What to do: The listing below contains a span that opens with the line containing "La pareja de" and closes with the line containing "Jeeves Tools Branding". Return that span exactly.

The records:
++++

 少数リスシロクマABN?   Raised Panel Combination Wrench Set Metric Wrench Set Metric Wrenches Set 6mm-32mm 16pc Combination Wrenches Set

++++

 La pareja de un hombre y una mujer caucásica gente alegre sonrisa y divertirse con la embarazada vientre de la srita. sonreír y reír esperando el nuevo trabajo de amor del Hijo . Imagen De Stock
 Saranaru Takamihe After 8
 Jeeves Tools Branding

++++

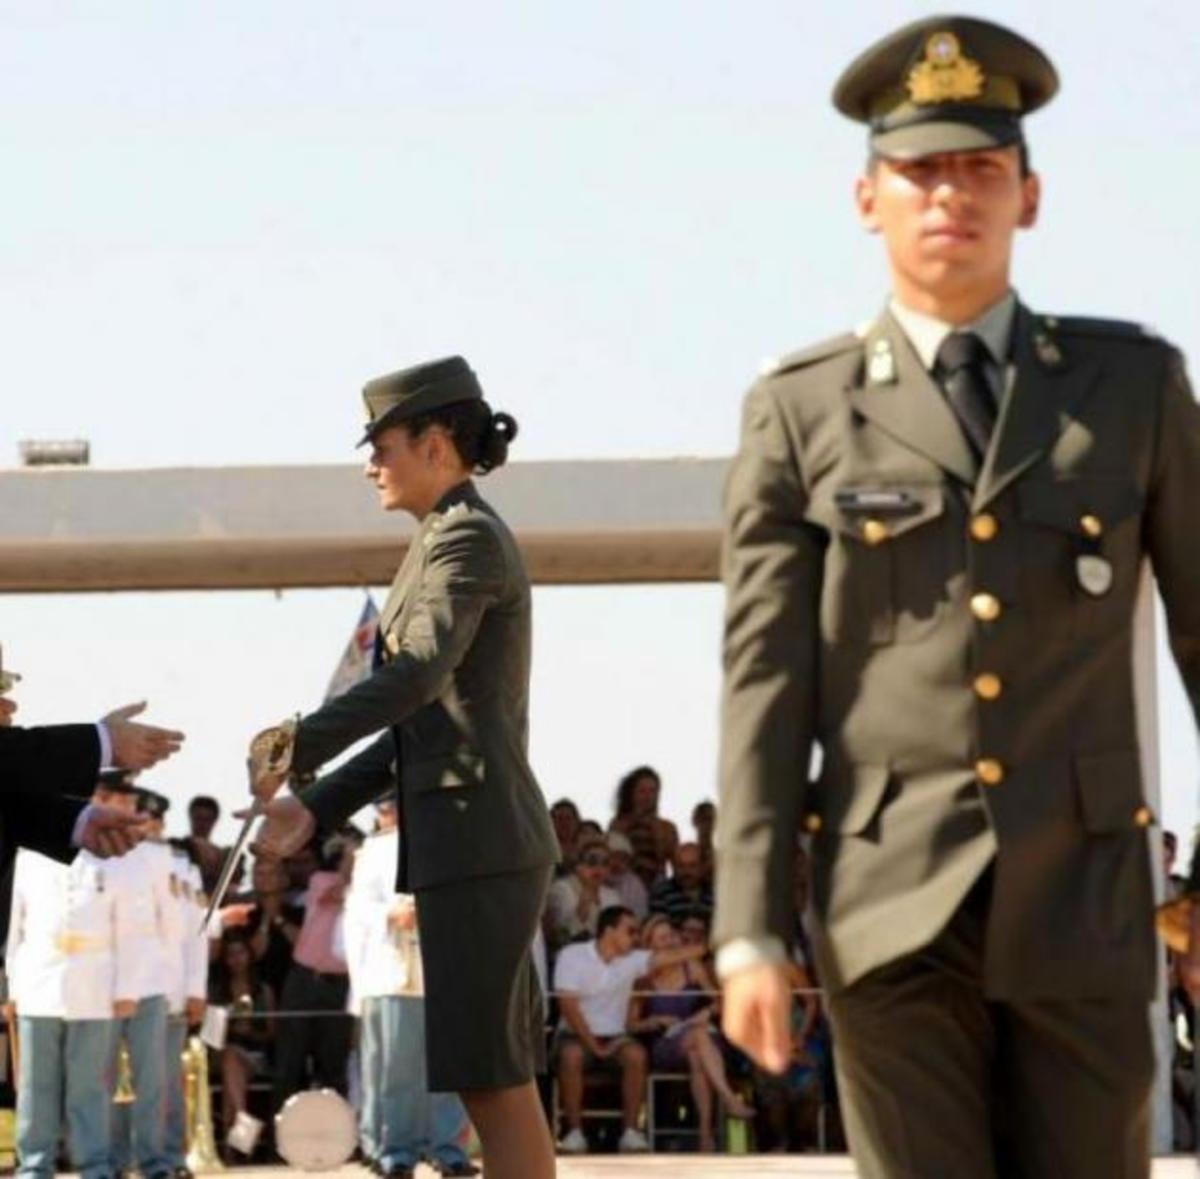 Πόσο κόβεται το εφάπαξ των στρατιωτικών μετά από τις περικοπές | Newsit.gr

++++

Reply to the task:
 La pareja de un hombre y una mujer caucásica gente alegre sonrisa y divertirse con la embarazada vientre de la srita. sonreír y reír esperando el nuevo trabajo de amor del Hijo . Imagen De Stock
 Saranaru Takamihe After 8
 Jeeves Tools Branding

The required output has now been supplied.